Task statement ->
Print the whole listing again exactly, keeping no pictures in it.

Supplied material ->

☆ ☆ ☆ ☆ ☆

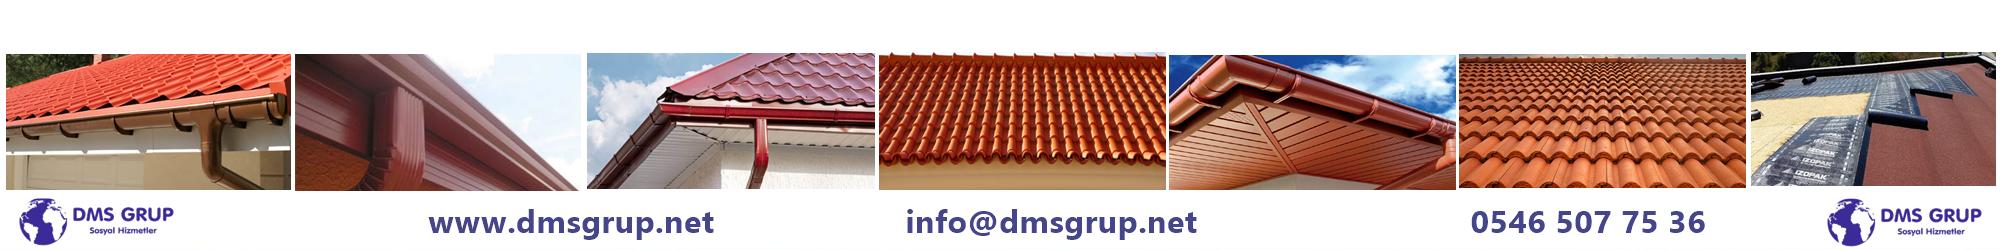 Dms Grup Tesisat & Yalıtım İşleri  Çatı İzolasyon Tesisat & Yalıtım İşleri
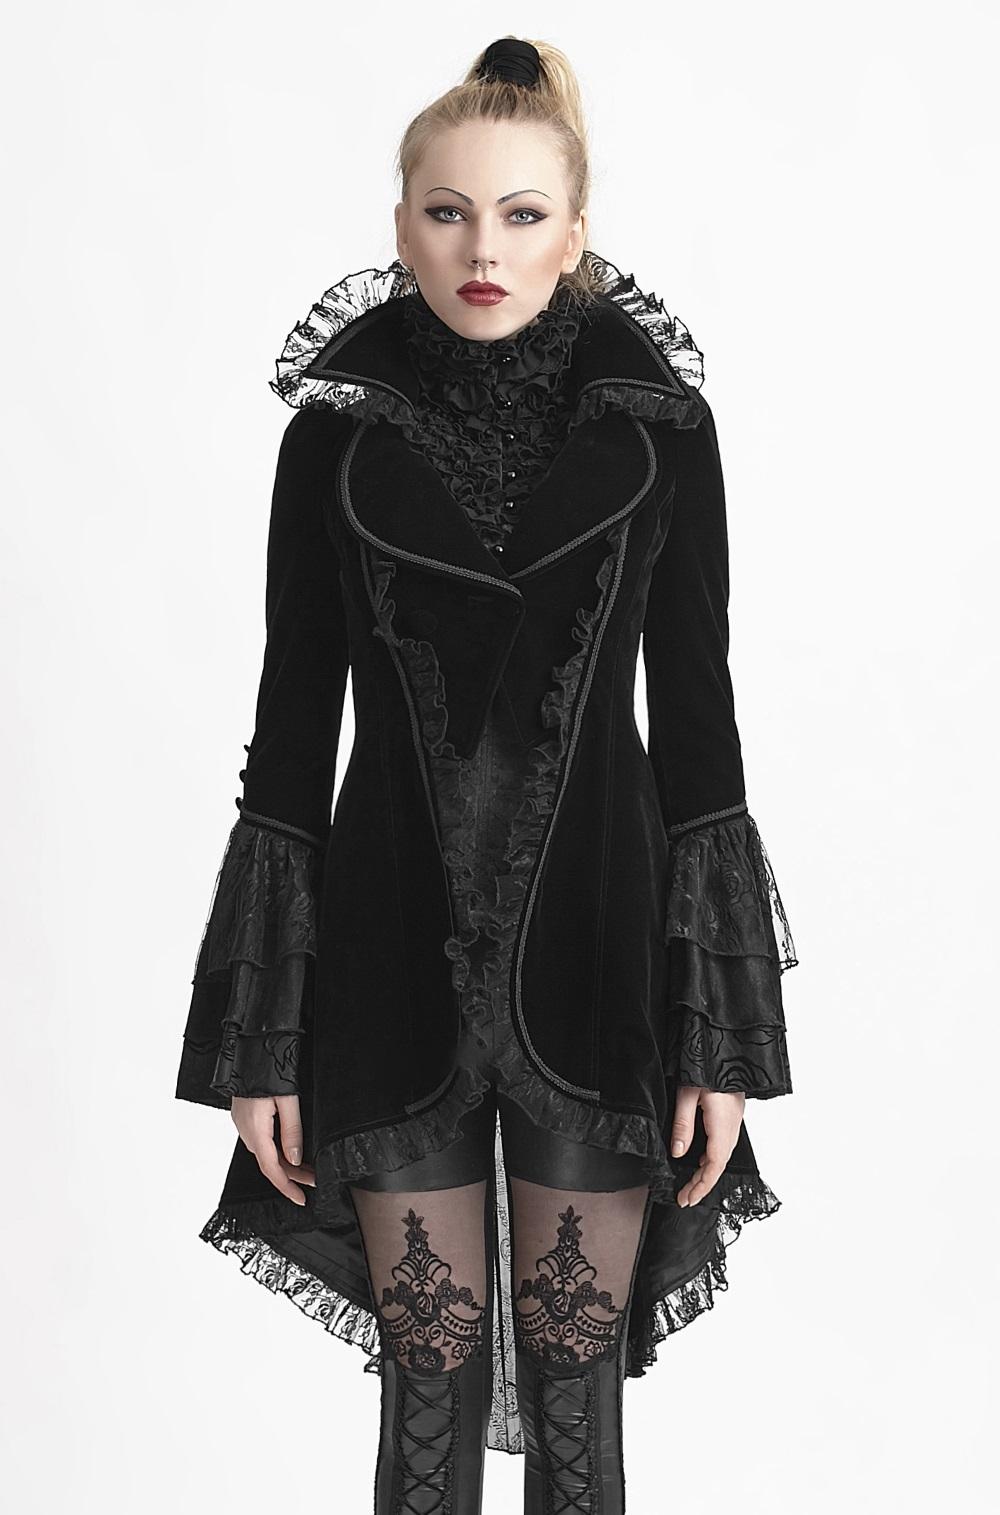 Veste gothique vampire femme punk rave en velours noir 6c10c89e7f4
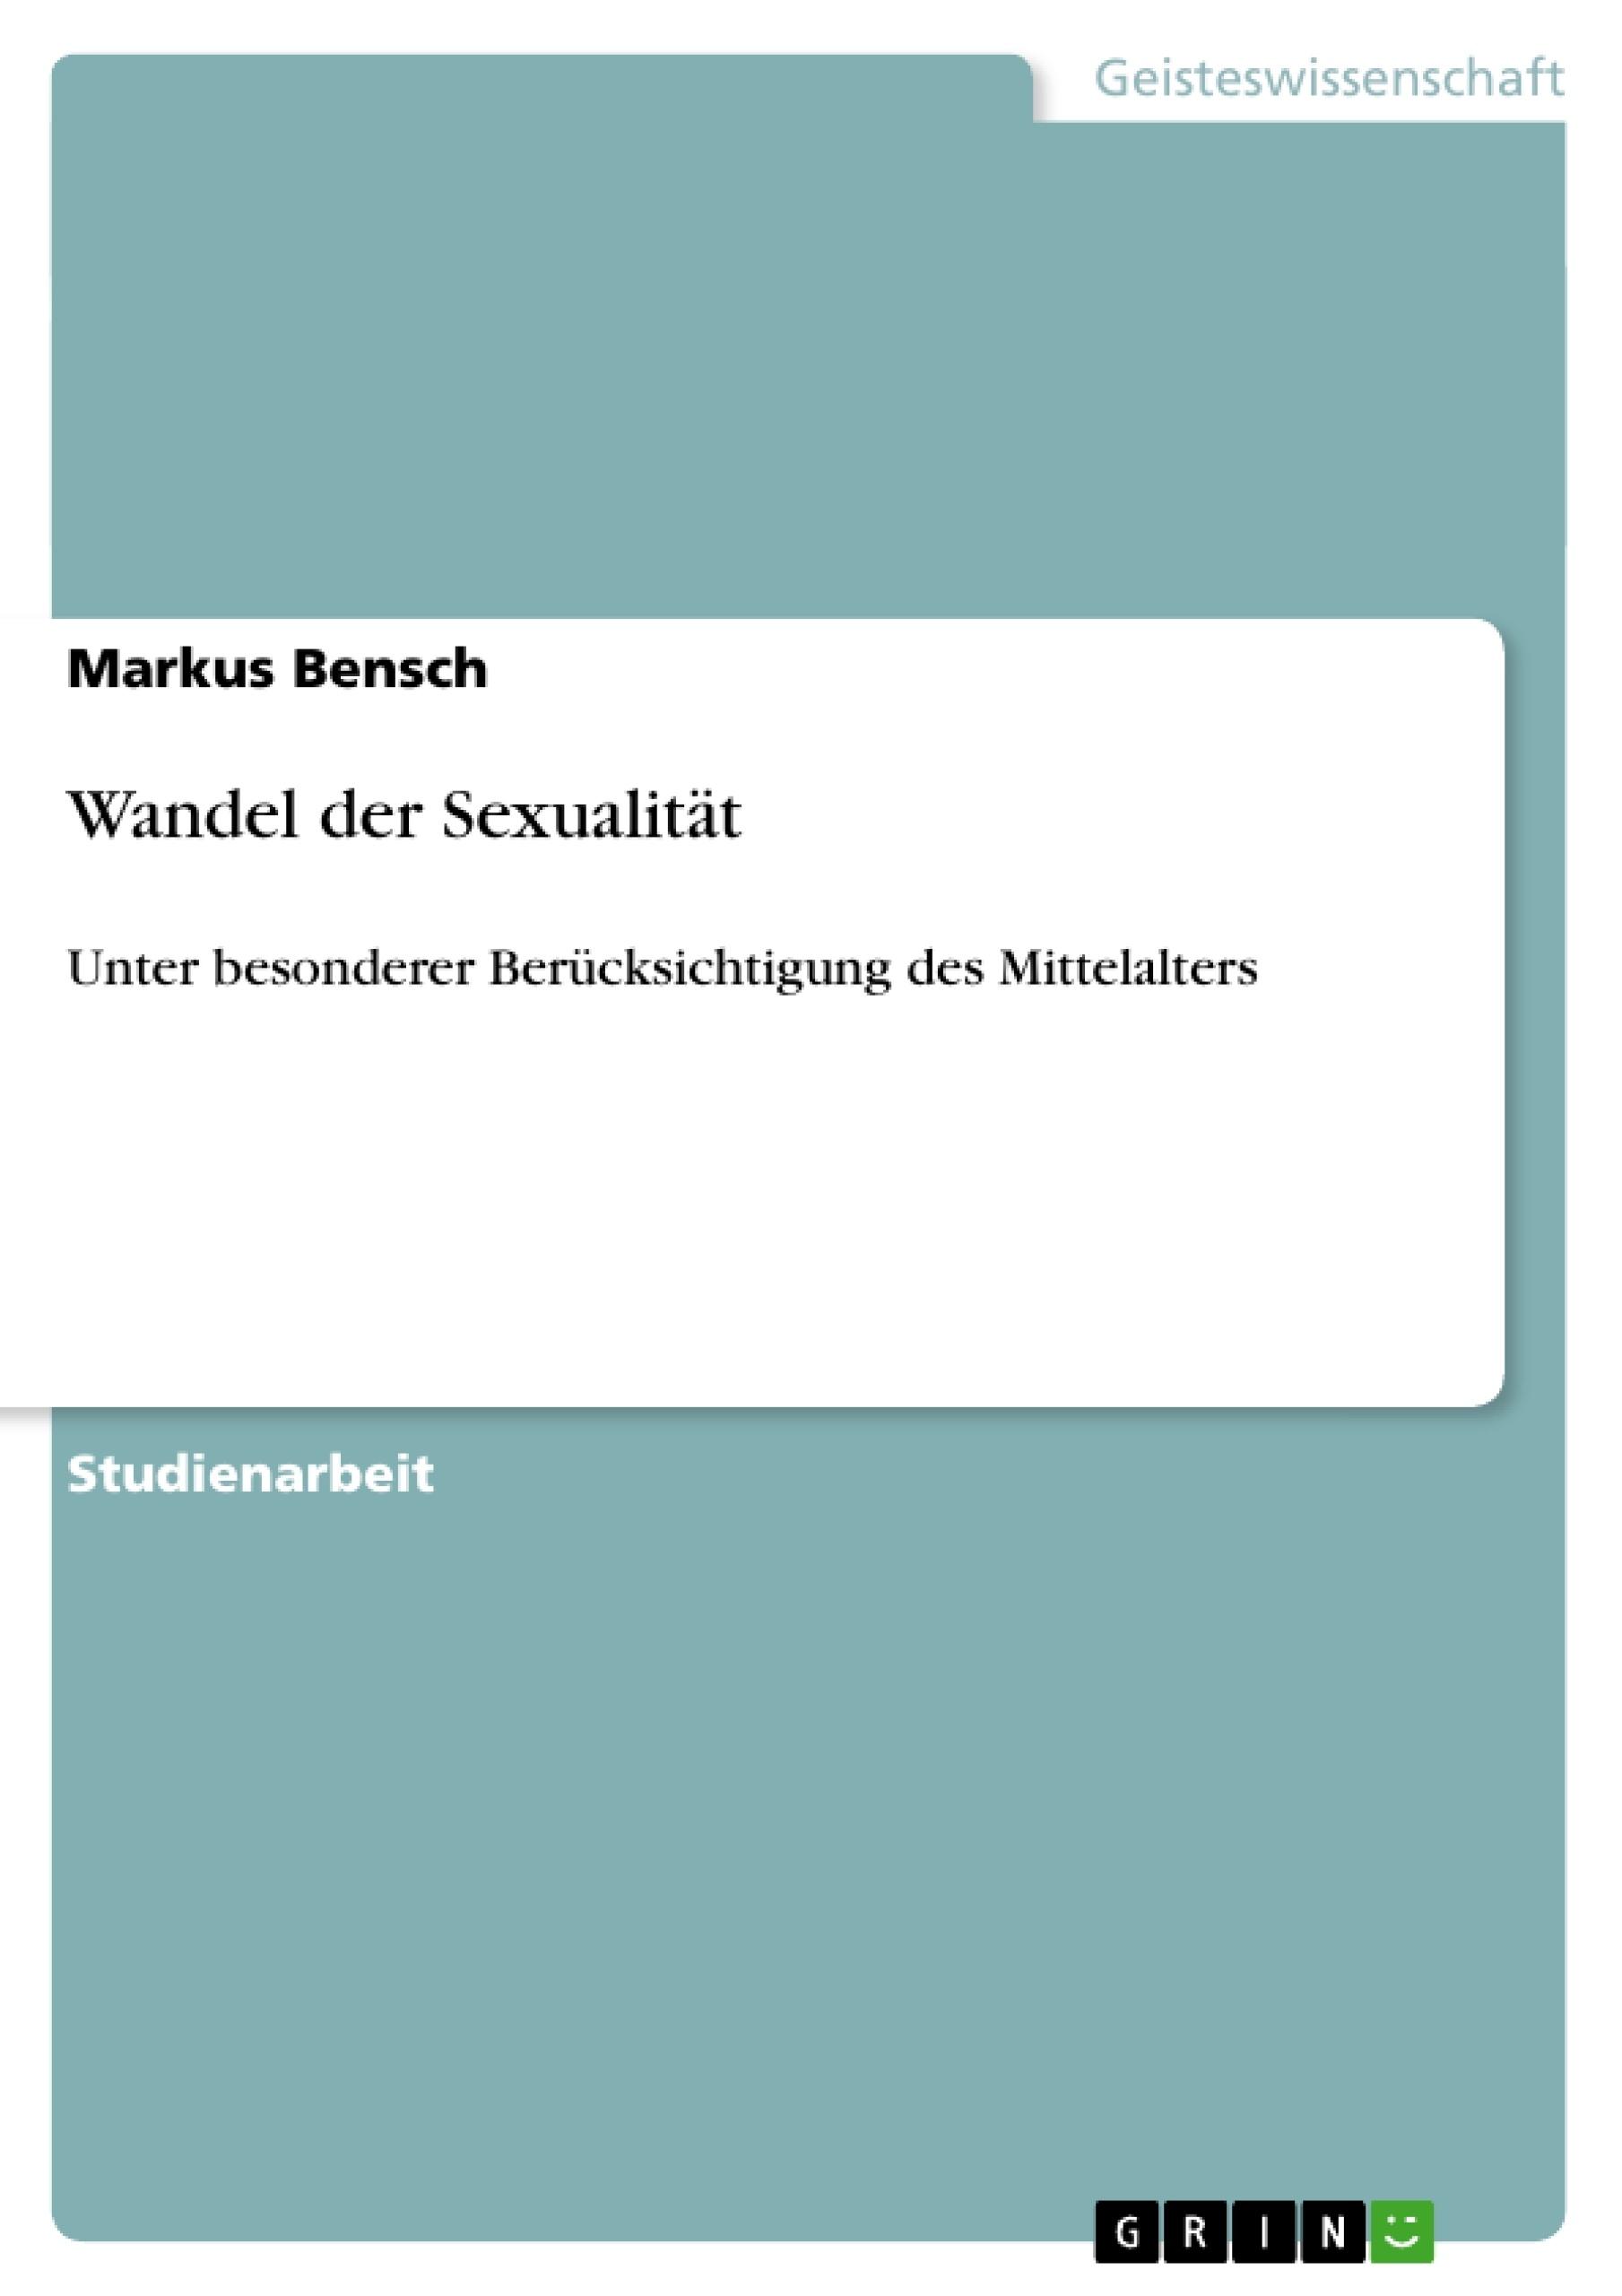 Titel: Wandel der Sexualität

☆ ☆ ☆ ☆ ☆

Reply ->
 Dms Grup Tesisat & Yalıtım İşleri  Çatı İzolasyon Tesisat & Yalıtım İşleri
 Veste gothique vampire femme punk rave en velours noir 6c10c89e7f4
 Titel: Wandel der Sexualität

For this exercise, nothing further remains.